Палуба яхты являла собой драматическую картину.
В кормовой части на палубе выстроился в два ряда весь экипаж в угрюмом безмолвии. Впереди строя, ближе к рулю, стоял узкий длинный ящик, покрытый флагом. То был гроб.
Возле гроба стоял капитан.
Фрике и Барбантон обмерли, не видя месье Андре. Невыносимая тоска и тревога овладели ими. Но через минуту оба облегченно вздохнули.
Кошмар рассеялся.
О, эгоизм дружбы! Они увидели голову месье Андре, поднимавшегося на палубу. Он едва мог ходить, но все-таки счел долгом отдать покойному последний долг.
Жив!
Они готовы оплакать того, кого забрала безжалостная смерть, но слава богу, это не Бреванн. Это было бы ужасно!

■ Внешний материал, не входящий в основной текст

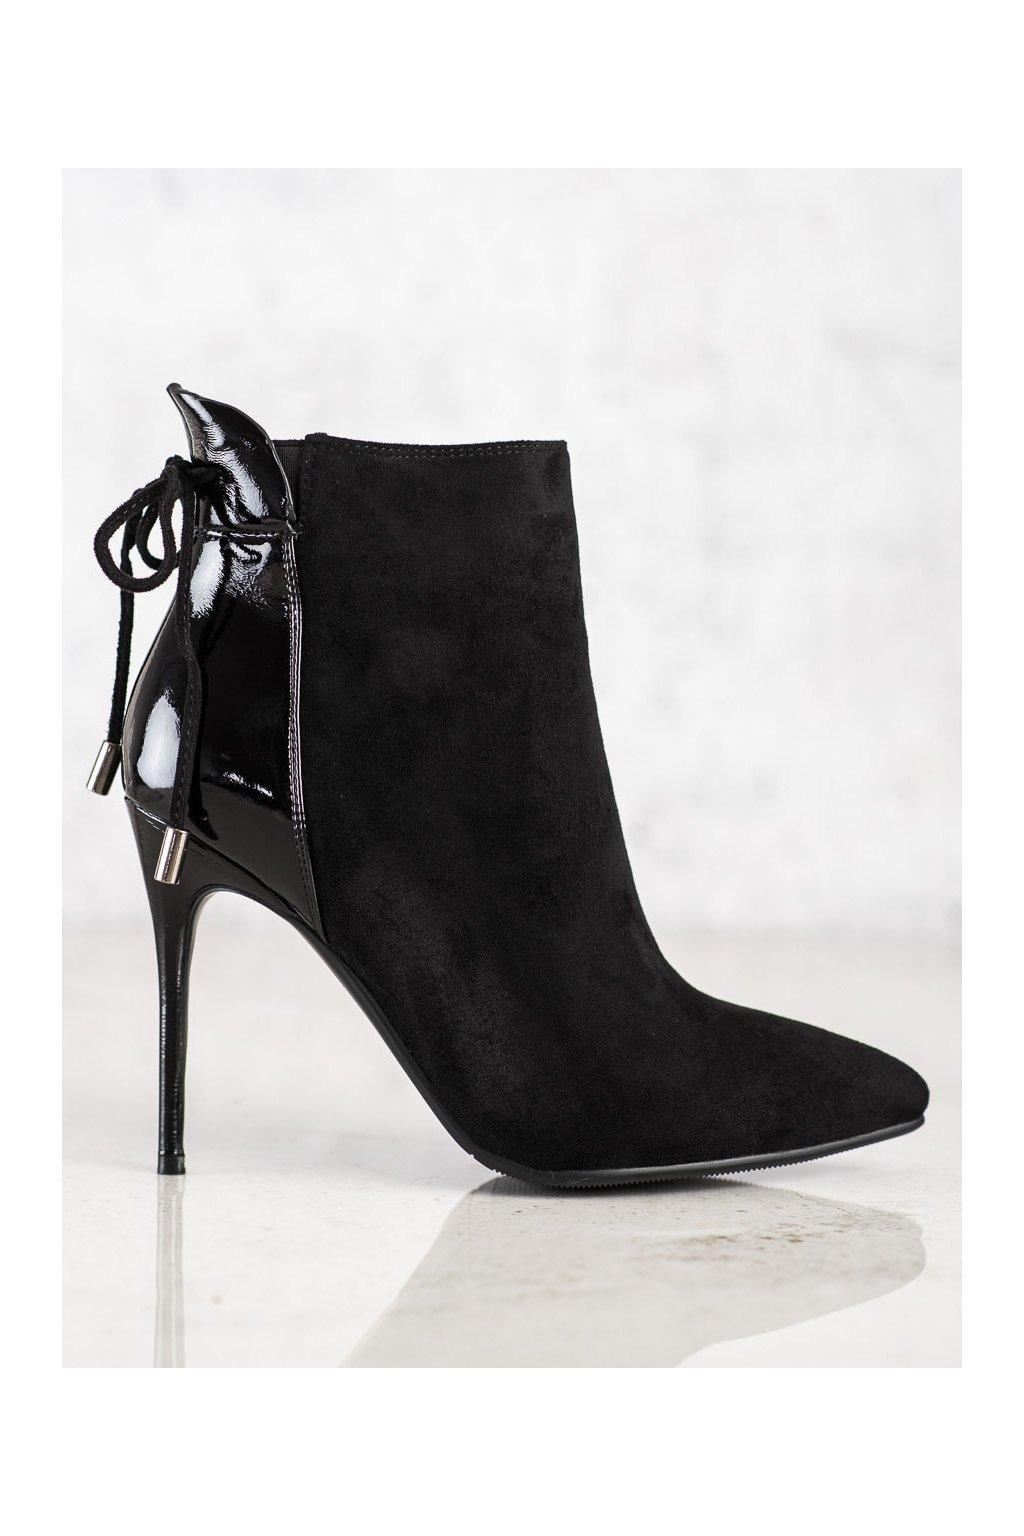 Čierne dámske topánky S. barski kod F34B

– Неужели это она умерла, а я и не помирился с ней перед смертью, – проговорил тихонько жандарм.
Андре подошел к гробу, снял шляпу и, обращаясь к матросам, сказал:
– Я счел своим долгом лично проводить в последний путь нашего рулевого Ива Коэтодона, жизнь которого унесла лихорадка. Нашего бравого товарища приходится хоронить на чужбине, но его могила не будет забыта. Я позабочусь, чтобы ее содержали в порядке. Увы! Это все, что я могу сделать. На всю жизнь останется нам памятной несчастная стоянка в Сьерра-Леоне, и в своих сердцах мы воздвигнем жертве долга монумент, который будет прочнее пышных монументов с громкими словами. Прощай, Ив Коэтодон! Прощай, матрос! Покойся с миром!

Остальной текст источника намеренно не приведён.